With approximately 500 potential marginal fields awaiting development in the Asia Pacific region, the MOPSU does provide a cheaper alternative innovative solution which could prove to be a boon to O&G concessionaires.

Nagendran says that there have been interests from parties in India, Australia, Indonesia, Vietnam and Morocco.

The cost of a MOPSU will average around US$80mil. There will be two variants, the Mark 1 and the Mark 2. The Mark 1 can be deployed in water depths up to 80m, while the Mark 2 is designed for harsher metocean conditions in water depths up to 120m.

The MOPSU will require a fabrication period of 18 months. Hence, if Perisai were to secure a MOPSU contract now, earnings will only flow in 2011 onwards.

Sustainable earnings ahead

Without the MOPSU, Perisai continues to be sustained by its derrick lay barge, the Enterprise 3, which has been contracted out at a day rate of US$95,000 to TL Offshore, a unit of Sapura Crest Petroleum Bhd for 4.5 years up to 2012.

Enterprise 3 started contributing in November 2008, and was also responsible for Perisai’s record earnings in the first quarter of 2009.

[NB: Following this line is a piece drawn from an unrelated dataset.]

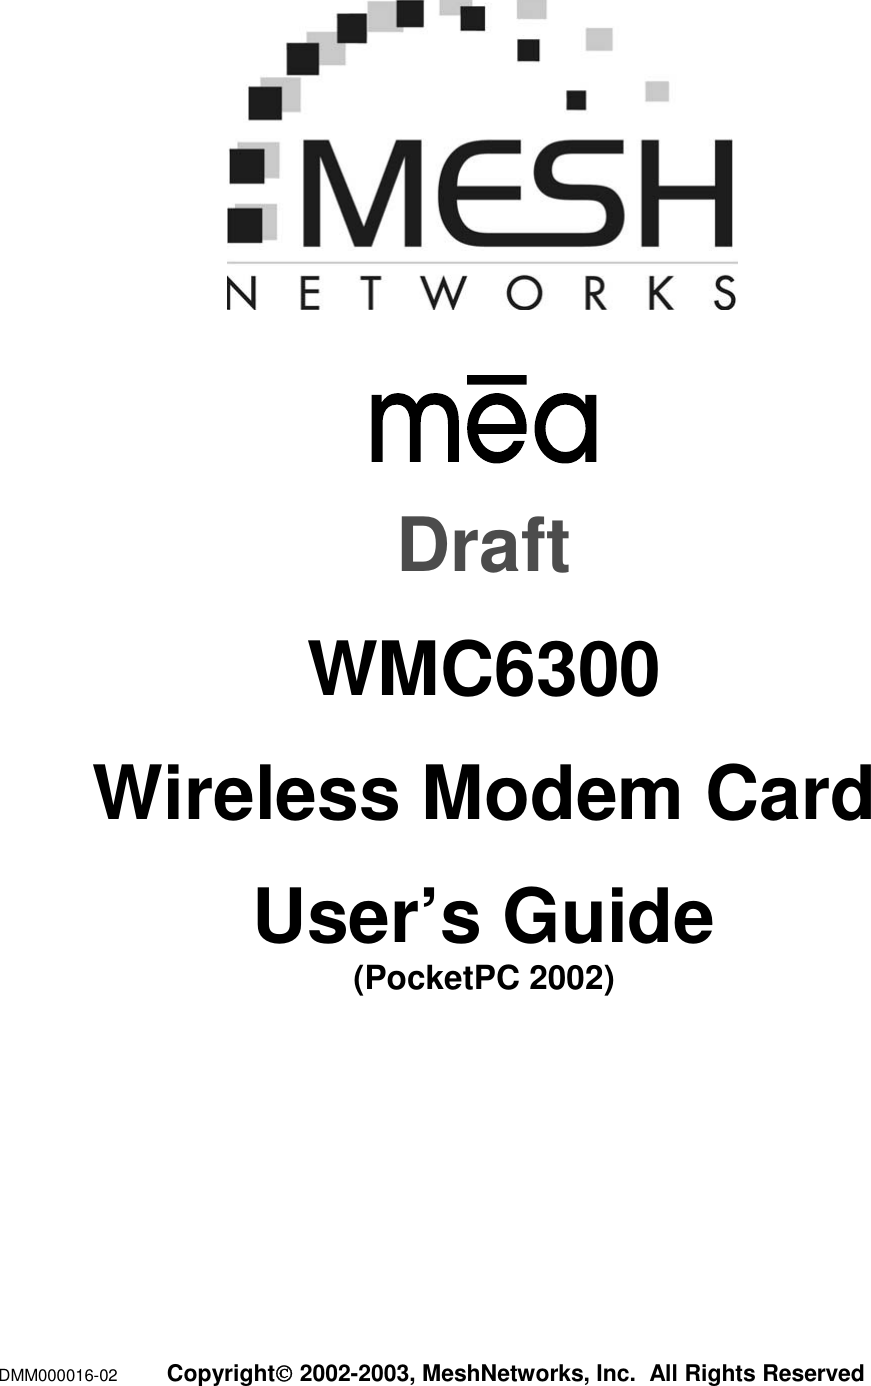  DMM000016-02  Copyright 2002-2003, MeshNetworks, Inc.  All Rights Reserved         Draft WMC6300 Wireless Modem Card User’s Guide (PocketPC 2002)

For the second quarter to June 30, Perisai recorded a net profit of RM17.1mil, a tenfold increase on a year on year basis from RM1.71mil previously. On a quarterly basis though, it was almost flat compared to the previous quarter’s reported earnings of RM16mil.

These strong earnings came mostly from its Enterprise 3 and its saturation diving system (SAT) that are on long-term charter. Hence, for the first half of 2009, Perisai’s operating margin improved dramatically to 77.5% from 10.3%.

TA Securities analyst Kaladher Govindan is forecasting a net profit of RM57.1mil on the back of revenue of RM92.3mil for Perisai’s year ending December 2009.

Perisai recently raised US$10mil from its redeemable convertible bonds issuance. It has also received approval from the Securities Commission to raise funds through a 10% private placement of its shares. Nagendran says this placement should be completed within the next two months.

“It is a no brainer that the US$10mil that it raised from the recent redeemable convertible bonds and the expected RM40mil that will be raised soon through a 10% private placement are mainly meant for this maiden marginal field venture that will make MOPSU commercially viable if everything goes as planned,” says Kaladher.